Dealing With Heartbreaks
Crushing grief, anguish, or distress.
The shame and anguish of a heartbreak has to be one of the worst experiences in life however once you encounter true love; the scars of yesterday will only be but a fragment of what was.
This has to be one of the most uncomfortable seasons in life; But even the worst pain fades, even the saltiest tears dry so why should you stay in that moment?
I am a strong believer of living in the moment however I also accept as true that not every moment is worth living in; heartbreaks are such.
Like many people, I know exactly how it feels to go through an awful heartbreak (I’m not talking about bubble gum love fizzled out… No honey I’m talking about… “Burst the windows out your car!” type of heartbreak). I have had my share of pain one too many times and yes, it is draining but that hurt definitely doesn’t mark the end of you.
Of all my heartbreak one comes to mind; I remember it like it was yesterday. I had invested so much of myself that when it was over I could barely believe it.
Let me break it down for you
It felt as though my heart was rashly ripped out of my rib cage. I was so broken, just a mess. I strongly believe my mother thought I would commit suicide; there were times that thought leaped through my mind. I was in so much pain I just wanted something to end it. I wanted the pain to go away so I would succumb to the bottle to just temporarily numb the pain. I was mad at him; I was mad at God but mostly mad at myself.
There were days I cried so hard that I could feel it in my belly; some nights, my spirit wept as I slept. How do i know know this you ask? Well, I would wake up with bags under my eyes and my dear friend Njeri would later tell me how I cried that night in my sleep. It was such a dark period in my life… The pain was so unbearable that I considered going back to the life I once knew. I did not to want to feel anymore. I was not going to get hurt again because that pain was agonizing.
“Don’t cry over someone who wouldn’t cry over you.”
“Don’t cry over someone who wouldn’t cry over you.” I said to myself but that did not take the pain away neither did the two or so glasses of wine. After the long wrestle I had with myself I gave in to the pain and admitted that I really was hurt. I cried through it and accepted the support system that was in place.
I took my tiny feet and went on my knees and said, “God, I was hurt, I am angry and disappointed. I feel like I cannot trust you because I trusted you before and look what happened. I do not trust you with my heart.”
Healing is a journey Muffins, dealing with heartbreak isn’t easy but it sure can be dealt with. If you are in such a situation right now just know that you will get through this. Here are a few tips on how I made my way through it.
Cry if you have to, scream if you have to! Do what you need to get through those emotions.
Yes, it is painful and embarrassing. Mine was very public, I felt like I was walking in a coat of shame. When I looked at people I could see the pity. I could see the judgment in some eyes and that resulted in me walking with my head down- I gave up!

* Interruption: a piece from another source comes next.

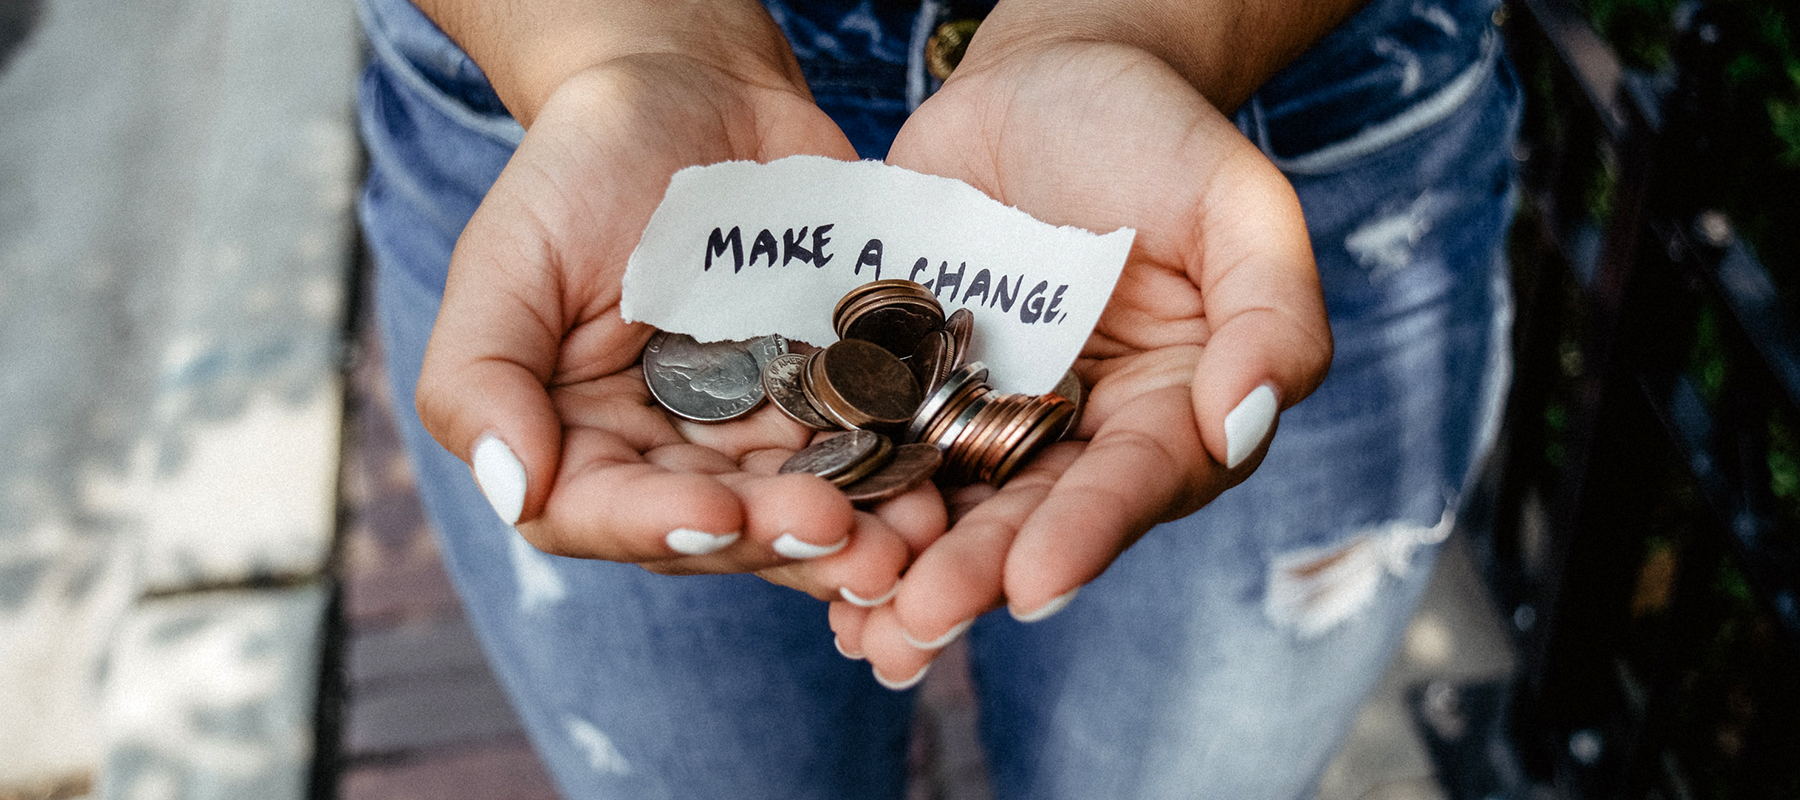 Lo que los millennials pueden enseñar a la Iglesia sobre la generosidad

It has happened, it is fine…. Feel the pain; cry if you have to, scream if you have to, tell God how you feel about it if you have to but don’t be deceived that liquor or a random sex-aped (hook-up)/ rebound will do anything other than hurt you even more.
If you have numerous responsibilities take time off. You can’t function when you are broken. Acting like you have it all together will not make the situation any better. Take a week off, cut down on social plots with acquaintances etc. You have been wounded; you need to get yourself together. Guess what? That’s okay.
Have a support system
I was surrounded by my closest friend’s one of them being my fellow blogger That Girl Koki. It’s a hard time to be alone… I remember times when we would be seated on my bed laughing and randomly I would break into tears. It was not only hard for me but hard for them too. Their presence made it easier for me to grieve knowing I’m not alone. After a break up you already feel alone so having one or two people to hold on to isn’t so bad.
Lastly be open to change, let hope grow and blossom back into your heart. As you heal the transition may be uncomfortable but you will get through it.
I was extremely protective of my heart; I had issues with physical contact but that slowly died out as I healed. My heart grew fuller and so did my hope. As a result, I ended up with such an amazing man and the pain of yesterday was only but a memory of what was.
You are worth more than your current circumstance. You will heal!!!